Friday, May 25, 2007

The Least Worst

I understand my fellow liberal bloggers, t.v. commentators and anti war activists angst at yesterdays vote to continue funding the Iraq war with no time lines. The history of this blog is filled to the brim with rants against the Iraq war, George Bush, Bush's conduct of the war, and any other permutation of the Iraq wars affect on this nation. So I'm on board folks.

In fact not only do I understand the angst of those who I side with in the grand political scheme, but to use a famous Clintonism, I feel their pain. How is it that a President who is mired with public approval in the low 30's can be handed a victory over an issue that the vast majorities of the public disagree with him upon is simply mystifying. This President has the Democratic leadership in Congress wheedling their pants, afraid that he might talk badly about them. Yet having President Bush slam you around in todays environment should be considered a badge of honor, and a positive in the eyes of the nation. The Democrats are terrified of looking weak by not funding the troops, and wind up looking weak by not standing up to Bush.

So do they actually expect Bush and his boot lickers in Congress to start playing nice now? If so, the Democrats are not only weak, they are delusional. You can expect to hear Republicans across the nation and the air waves continue with the whole cut and run defeatocrats meme... because now these Republicans know that using that logic freaking works! And as long as the Democrats on the hill act like a herd of scared sheople being herded by wolves, you can't blame the Republicans for taking advantage of it either.

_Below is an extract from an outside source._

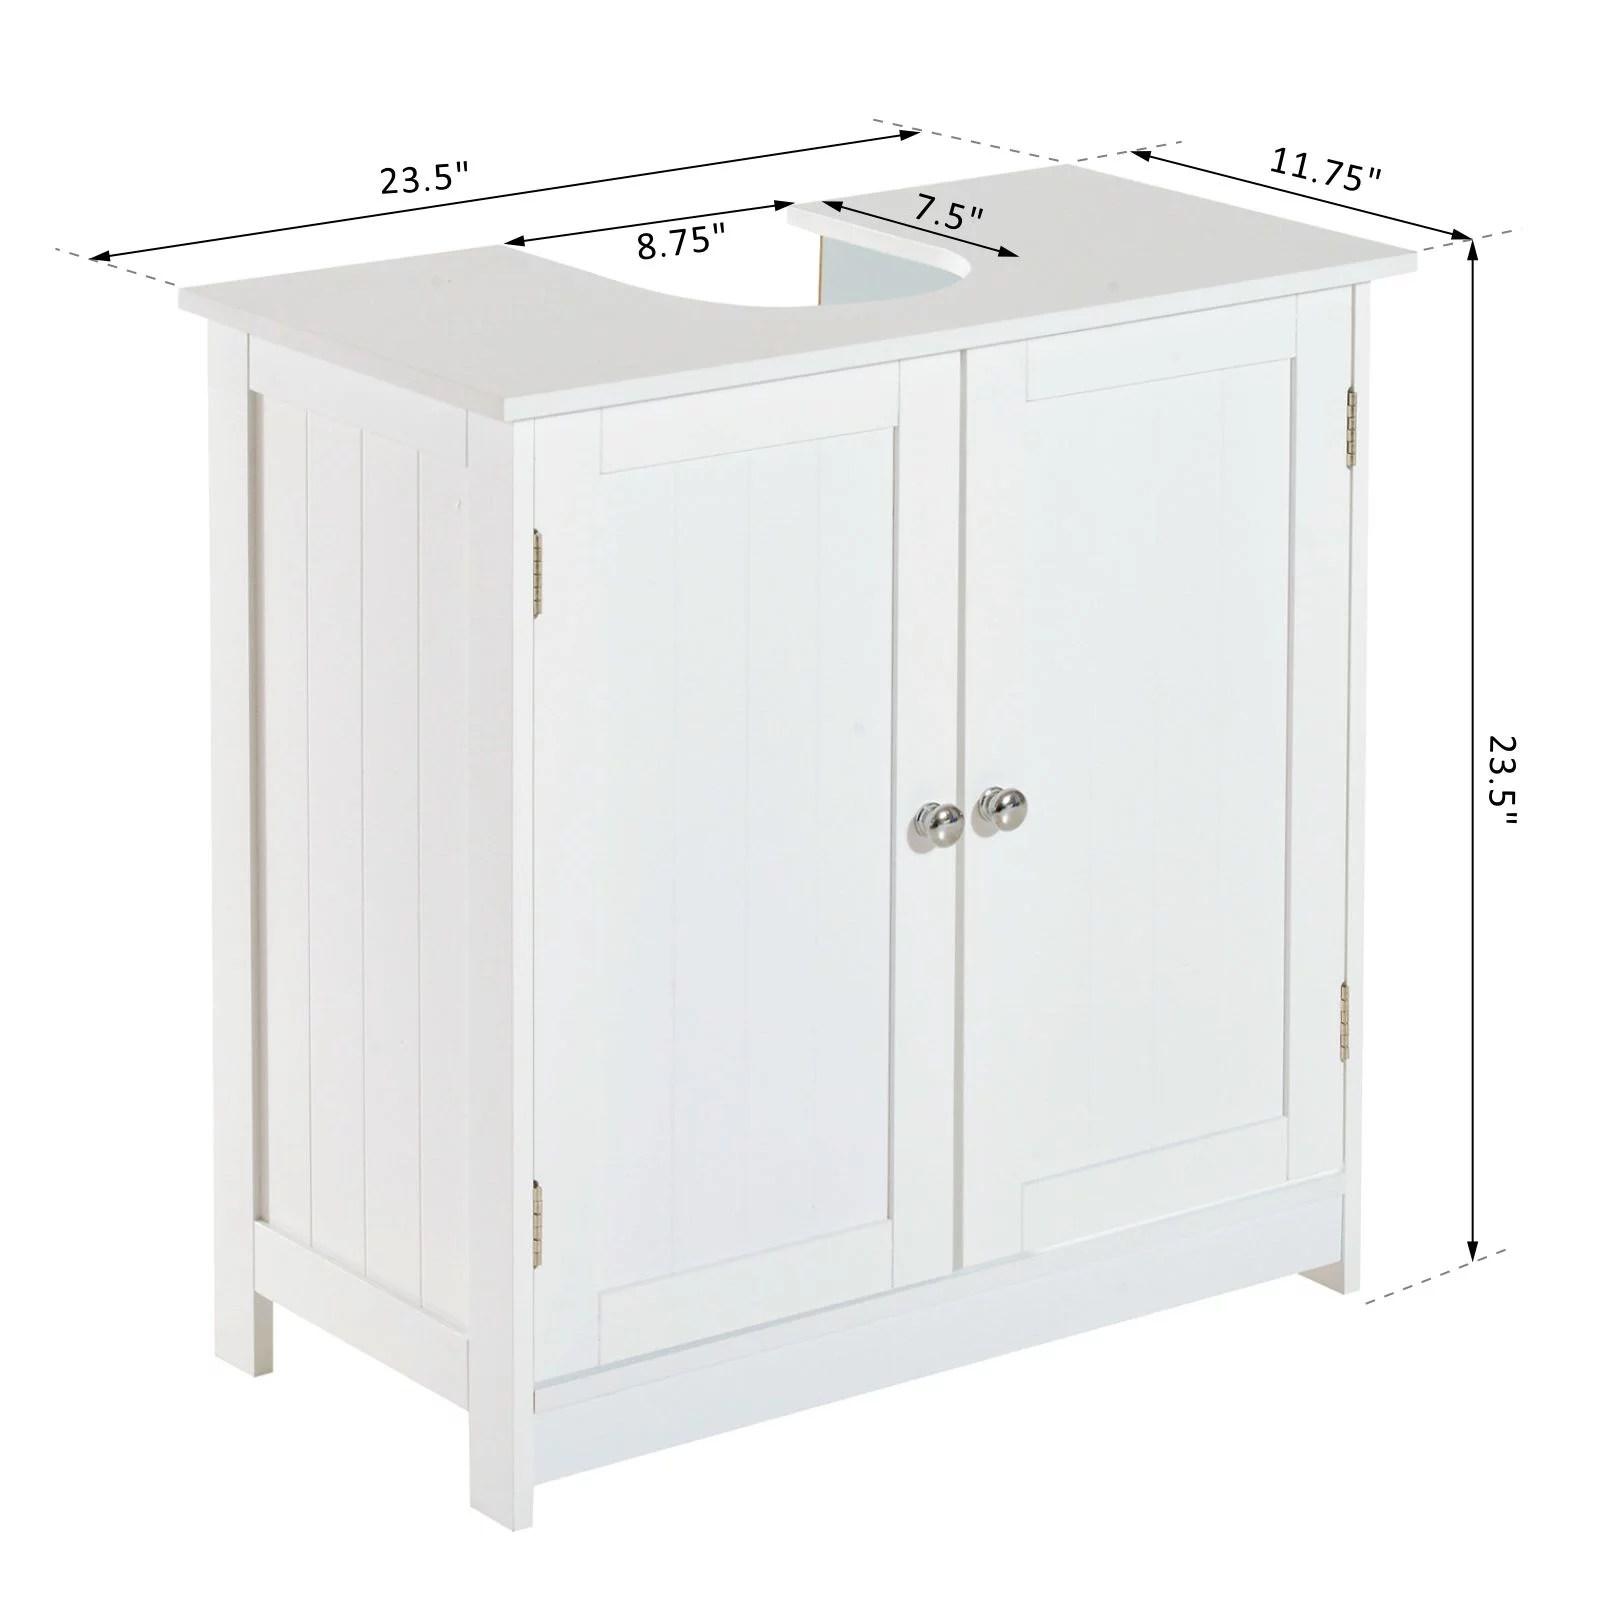 Homcom 24 Pedestal Sink Bathroom Vanity Cabinet White Walmart Com Walmart Com

So am I cheesed? You bet! BUT... this is where I may part ways with many of those who agree with me. I'm not ready to completely wash my hands of all things Democrat and throw my all into building a 3rd party or marching on Washington to try to bring it all down.

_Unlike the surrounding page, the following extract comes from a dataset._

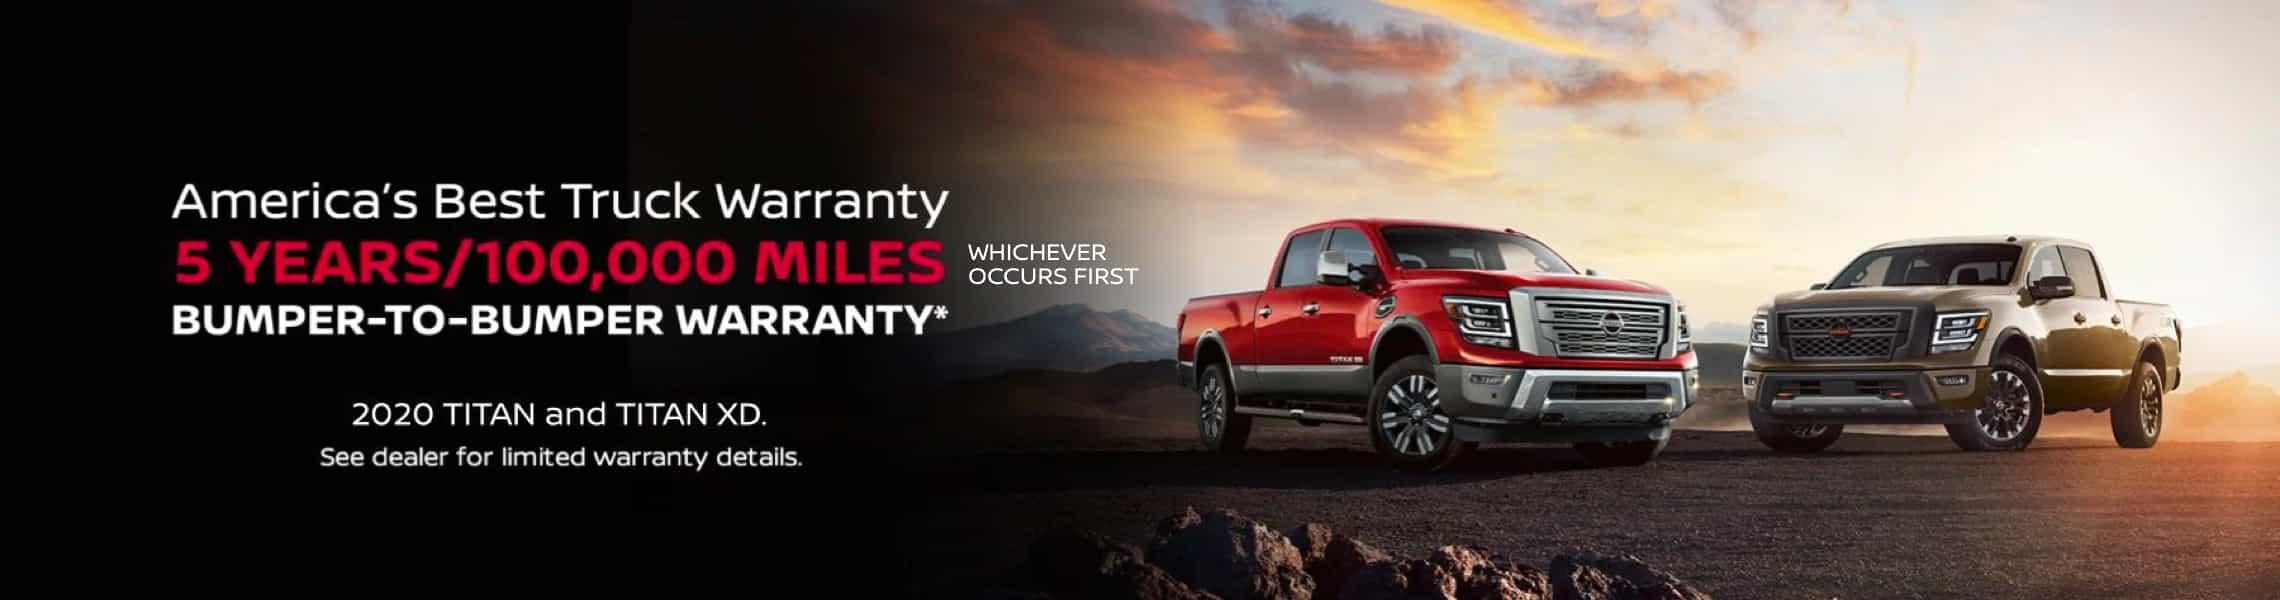 Nissan Best Truck Warranty Banner

I agree that the most important issue of our times is the Iraq war. On that alone, consider the head way made in the first five months of having a Democratic Congress. The first ever timeline to end the war passed and sent to the President. An epic battle over funding that went on for several months, where as under Republican leadership these funding bills were passed with barely a peep. Things have obviously shifted and I don't think that shift is going to start reversing itself to the Republican position. It will only get better from our perspective.

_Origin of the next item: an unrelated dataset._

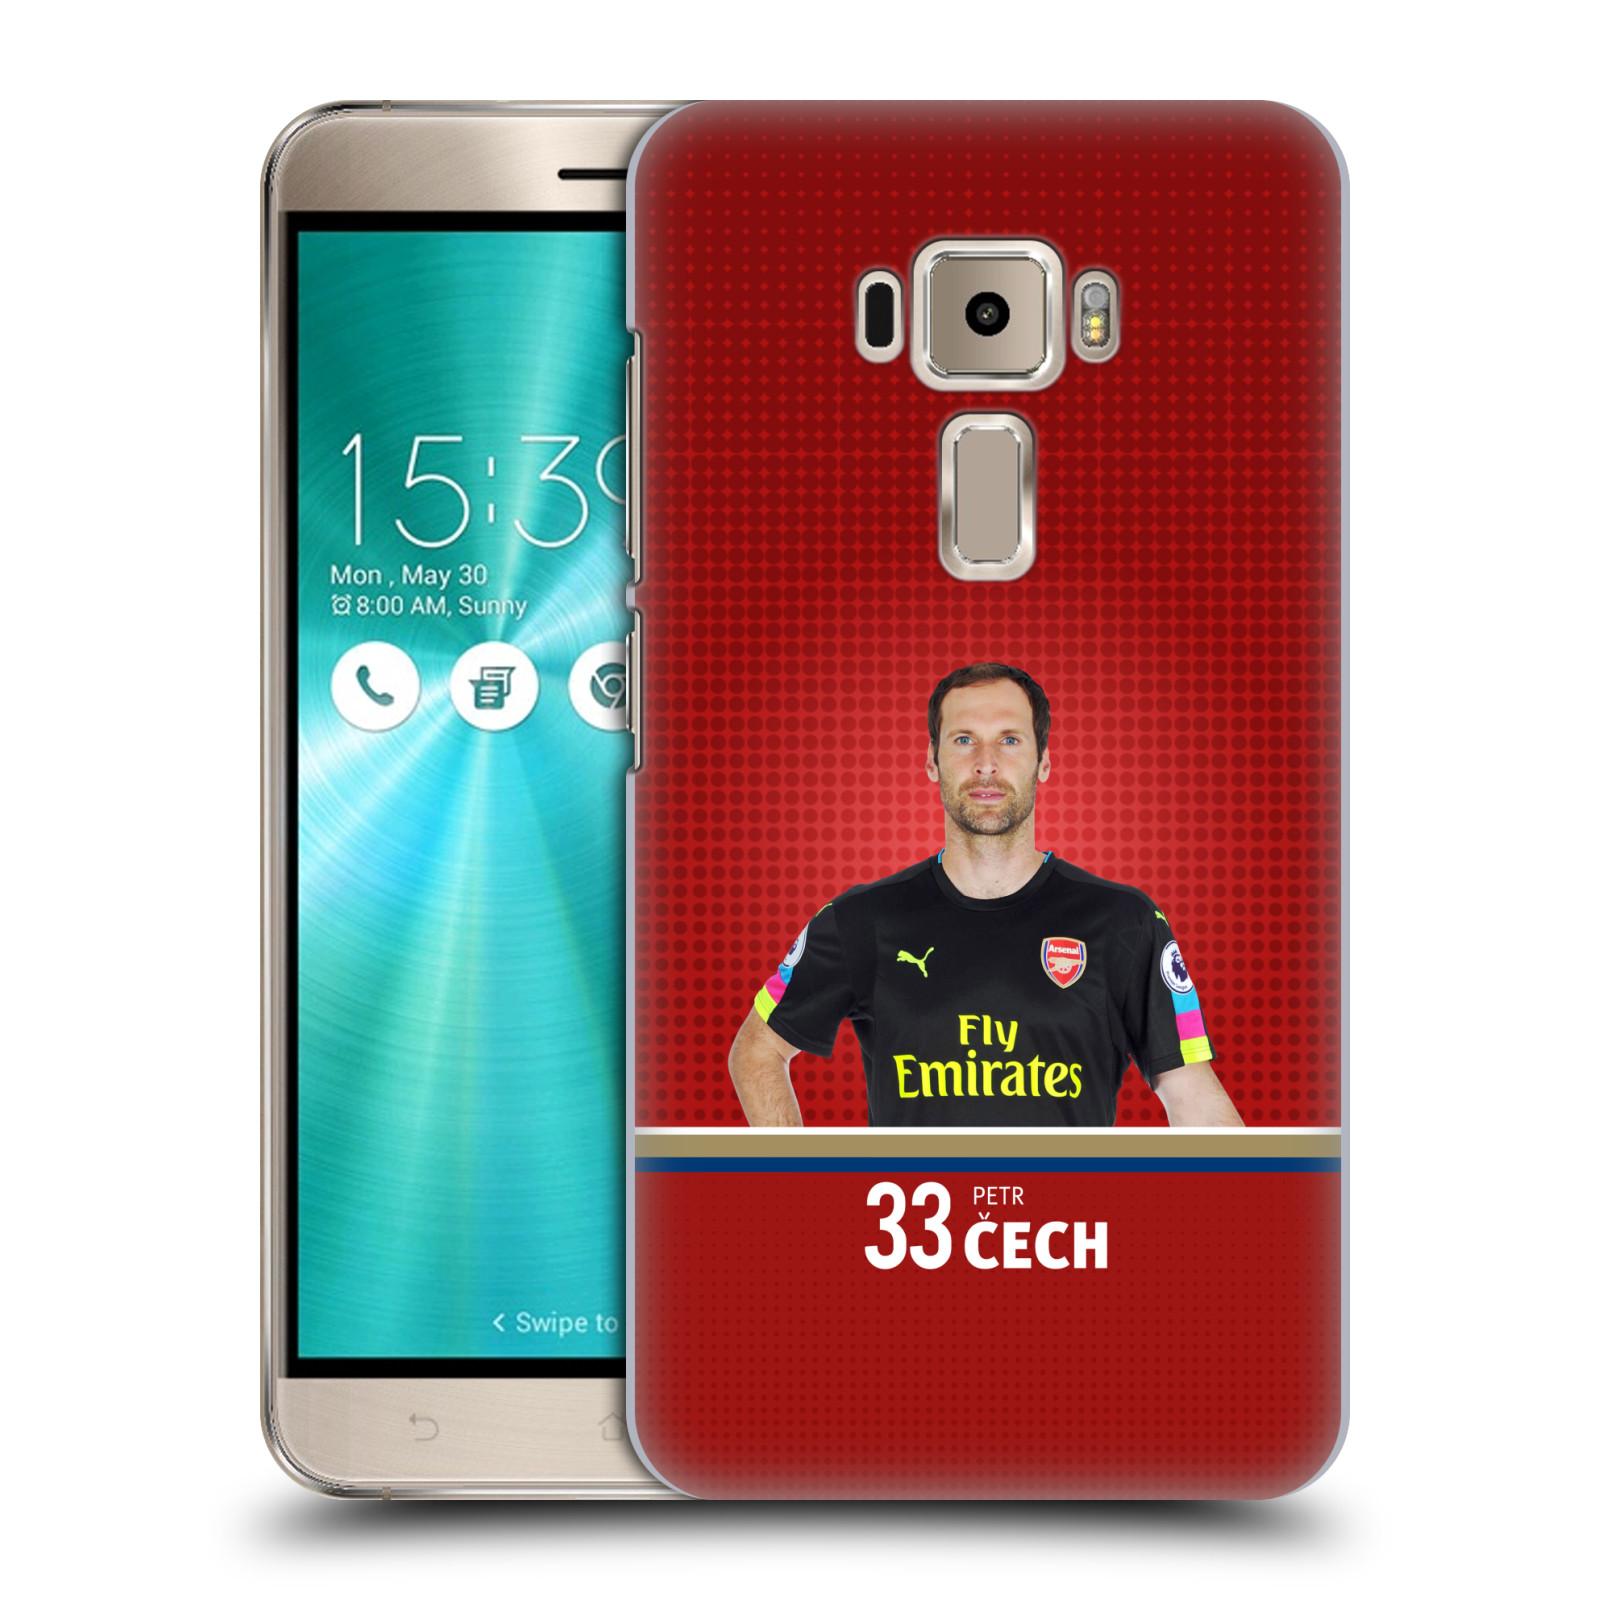 Plastové pouzdro na mobil Asus ZenFone 3 ZE520KL - Head Case - Arsenal FC - Petr Čech

Iraq may be the most important issue, but it is not the only issue. The entire Justice Department embroglio would not be happening if the Republicans had retained control of Congress. I for one remember what oversight meant under Republican control. Oversight for them meant overlooking.

Frankly, after aproximately a decade in the minority, I would have been amazed if Democrats would have swept into power and not made any misteps early in the game. Let us hope they have learned their lessons on this one. Next time they should not start the debate under the premise that the Republicans just have to wait it out and the Democrats will fold. The starting premise of the next debate needs to be that the President may have the funding needed to end the war, but not to continue it indefinitely. If Bush vetoes that, he will be refusing the funding needed by our troops. It is not the Presidents job to fund the troops so he can take what he is offered, or have nothing at all.

Let us get this right going forward. But let us get this right with the party that can get it right rather than committing political suicide over a demand for purity in our party. If we fragment because of this we are playing directly into the hands of the Republicans, and if we think things are going to improve under their leadership then we are ignoring very recent history which demonstrates precisely the opposite.

To paraphrase Winston Churchill, the Democratic party is the worst political party you can vote for... except all the others.

Comments:
What gets me is that simply choosing not to fund the Defense Department was never considered, and this is compounded by all of the MSM outlets--SF Chronicle, Salon, ABC just to mention a few--opining that the Democrats had not option.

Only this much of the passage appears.